Le président de World Rugby, Brett Robinson, s’adressant aux journalistes au stade avant le coup d’envoi, a encadré l’occasion en termes explicitement stratégiques. « Les États-Unis sont au cœur du nouveau plan stratégique de World Rugby », a-t-il déclaré. « Notre ambition pour 2031 est de garantir que la Coupe du Monde de Rugby ici aux États-Unis soit la meilleure que nous ayons jamais livrée. Parce qu’il est si important pour notre sport de croître et d’alimenter le développement du rugby. »

Le match était le dernier d’une série délibérée de rencontres internationales de haut niveau que World Rugby et ses unions membres les plus puissantes ont organisées sur le sol américain depuis que l’instance dirigeante a annoncé que les États-Unis accueilleraient les Coupes du Monde masculine 2031 et féminine 2033. L’Angleterre, l’Écosse, la Nouvelle-Zélande, les Fidji, l’Irlande et l’Afrique du Sud ont tous joué des matches dans le pays dans le cadre de cette initiative.

Le PDG de New Zealand Rugby, Steve Lancaster, a révélé que des billets ont été vendus à des supporters dans les 50 États américains et les sept provinces canadiennes, 40 000 billets s’étant vendus immédiatement lors de la prévente lorsque le stade de Baltimore a été annoncé. Le chiffre quasi complet représente un bond significatif pour un sport qui travaille encore à s’établir dans l’un des marchés sportifs les plus compétitifs du monde.

Un chiffre, cependant, a illustré à la fois les progrès et les défis à venir: environ dix pour cent des billets ont été vendus localement. Ce chiffre est comparable à une affluence typique de championnats de Major League Rugby — preuve d’une véritable base locale, mais aussi de l’ampleur du travail qui reste à accomplir avant 2031.

Dans les rues et les parkings de Baltimore dans les jours précédant le match, l’atmosphère était incontestablement internationale. Une mer de vert et or a précédé le coup d’envoi, avec des braais sud-africains et des tourtes à la kiwi apparaissant aux côtés des éléments plus familiers de la culture du tailgate américain. À l’intérieur du stade, les couleurs des Springboks et des All Blacks ont remplacé le violet habituel des Baltimore Ravens.

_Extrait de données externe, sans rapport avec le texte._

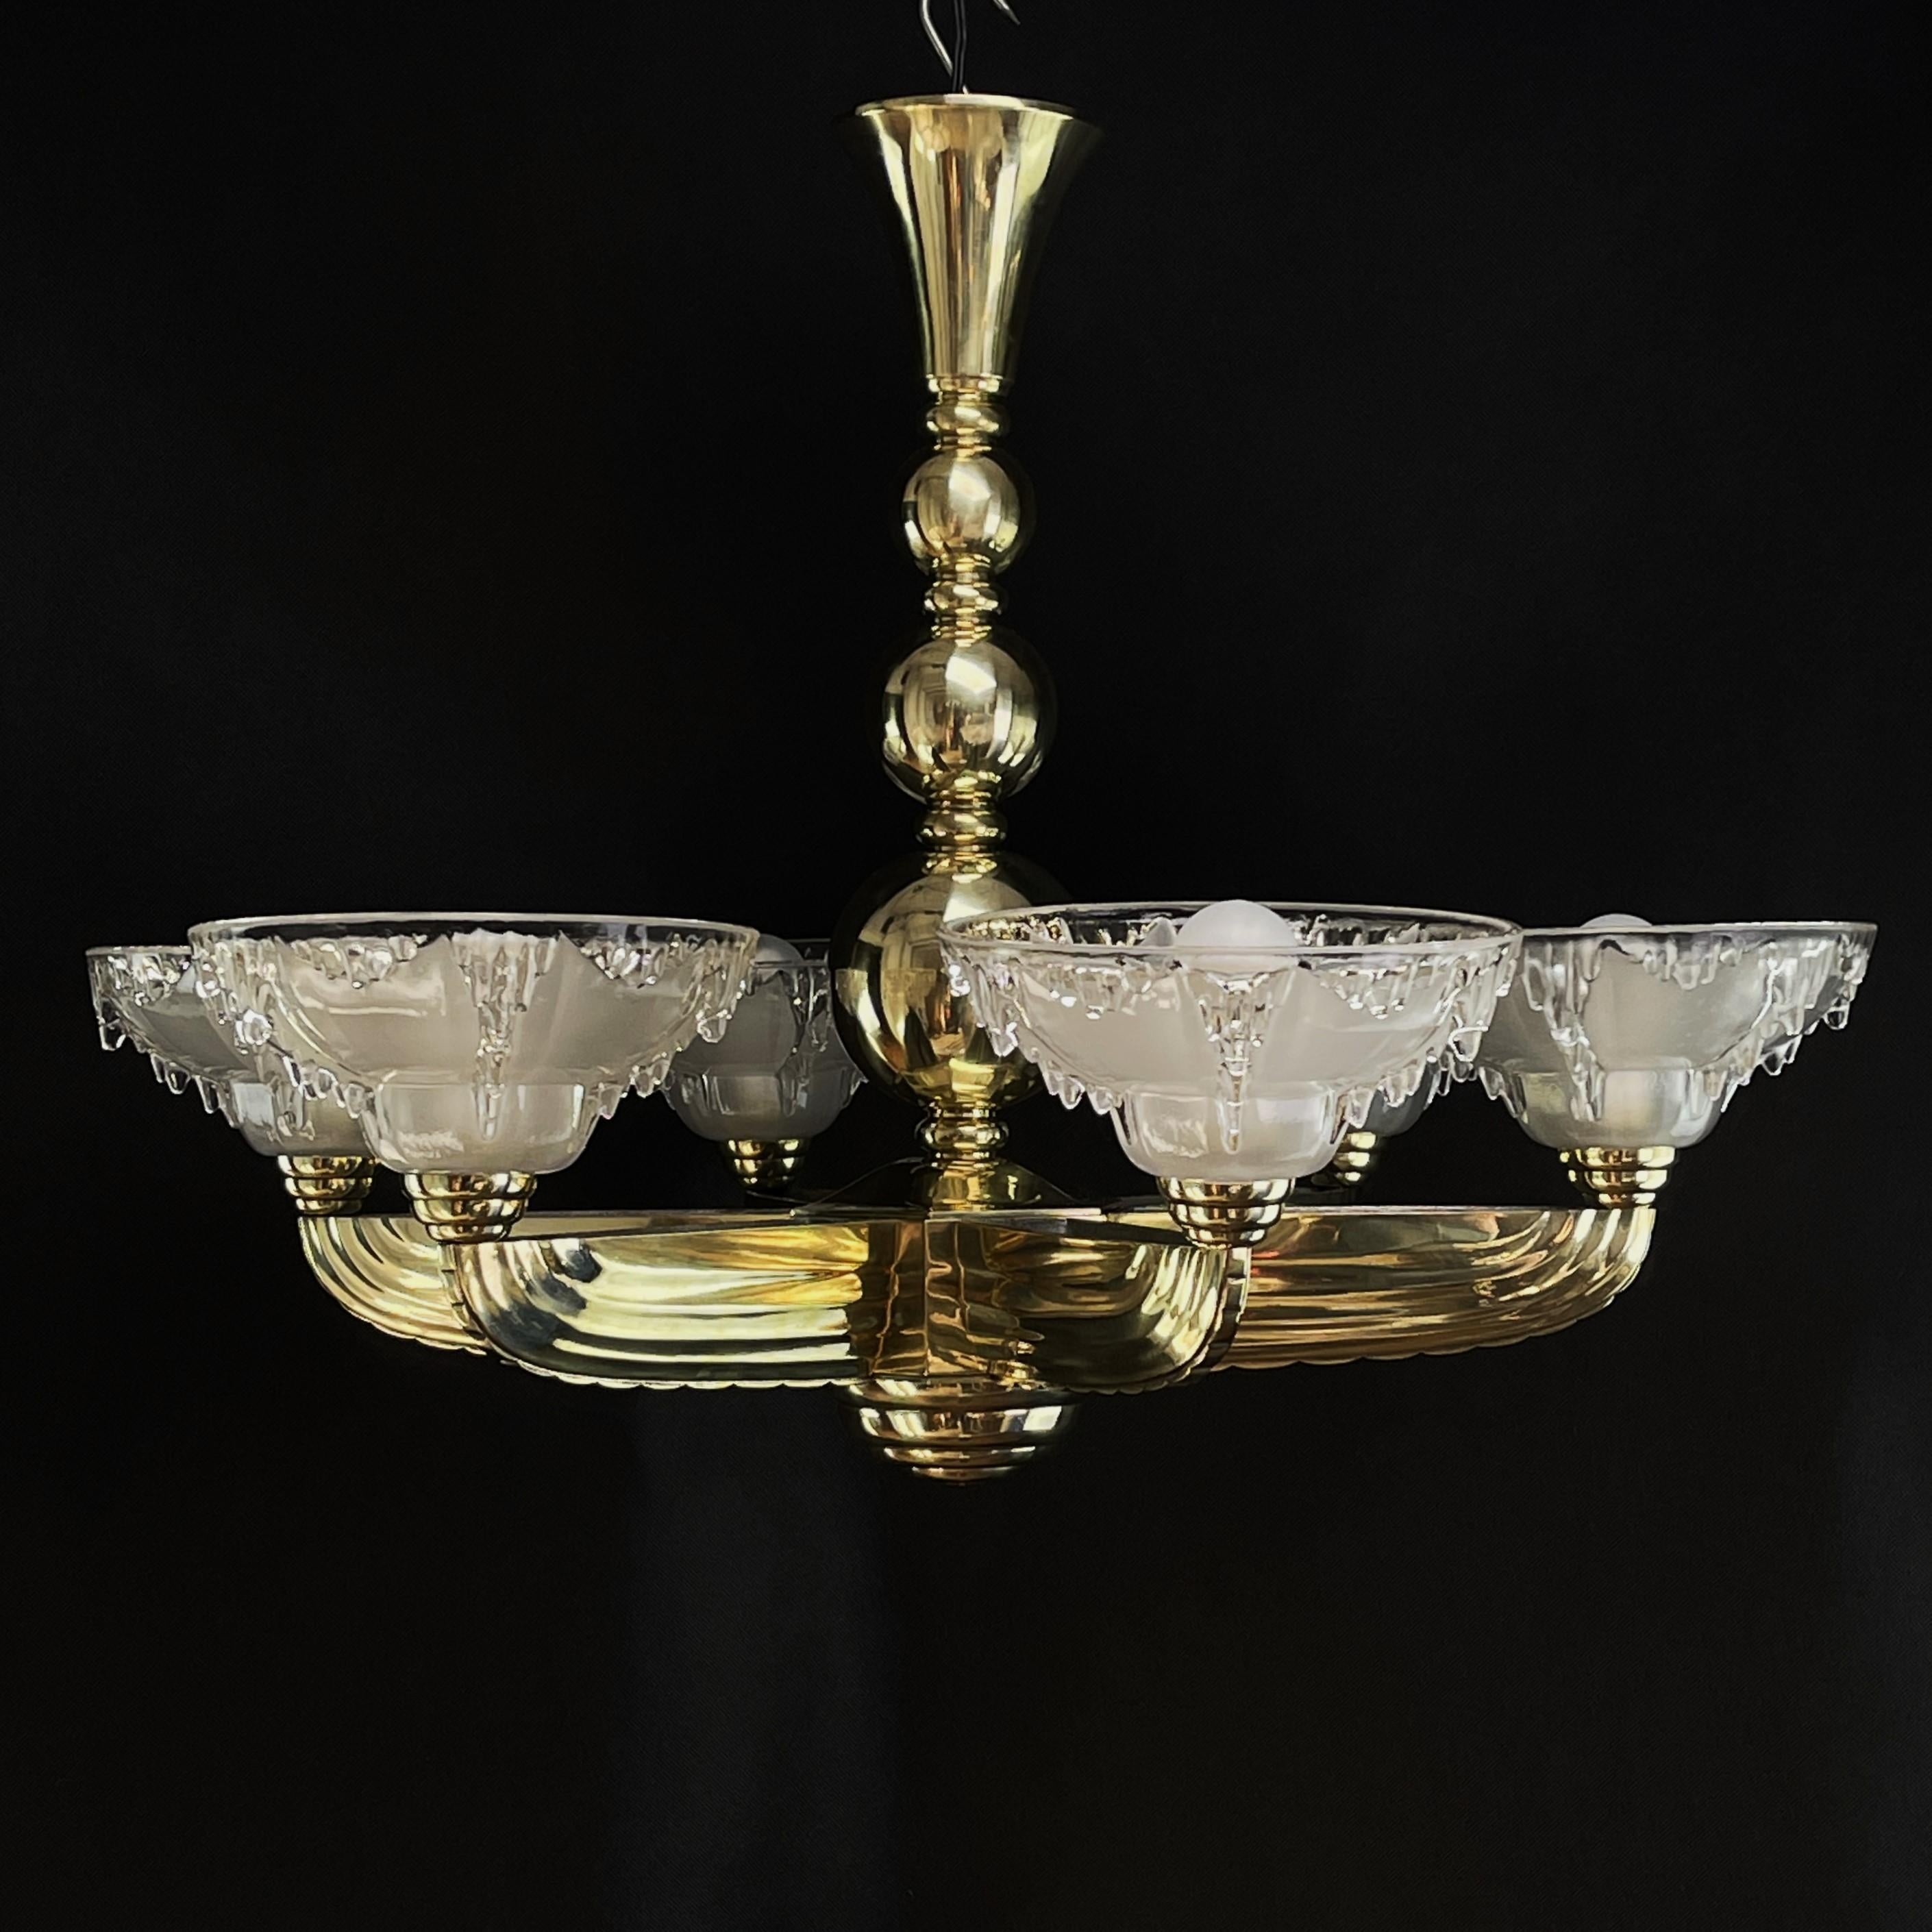 Glass Art Deco Ceiling Lamp from Petitot & Ezan, 1930s For Sale

L’ambassadeur de la Nouvelle-Zélande aux États-Unis, Chris Seed, a assisté à un rassemblement de tailgate néo-zélandais de 300 personnes avant de regarder le match aux côtés de plusieurs membres du Congrès américain, de représentants de l’administration actuelle, du pilote IndyCar Scott Dixon et de l’ancien All Black Grant Fox. « J’ai trouvé que c’était une occasion fantastique », a déclaré Seed à RugbyPass.

Avec cinq ans avant le tournoi masculin — le troisième plus grand événement sportif mondial après la Coupe du Monde FIFA et les Jeux olympiques — l’expérience de Baltimore de World Rugby a offert une base crédible. L’appétit, du moins parmi les supporters voyageurs, est clairement présent. Convertir cela en un suivi domestique durable sera le défi déterminant de la préparation.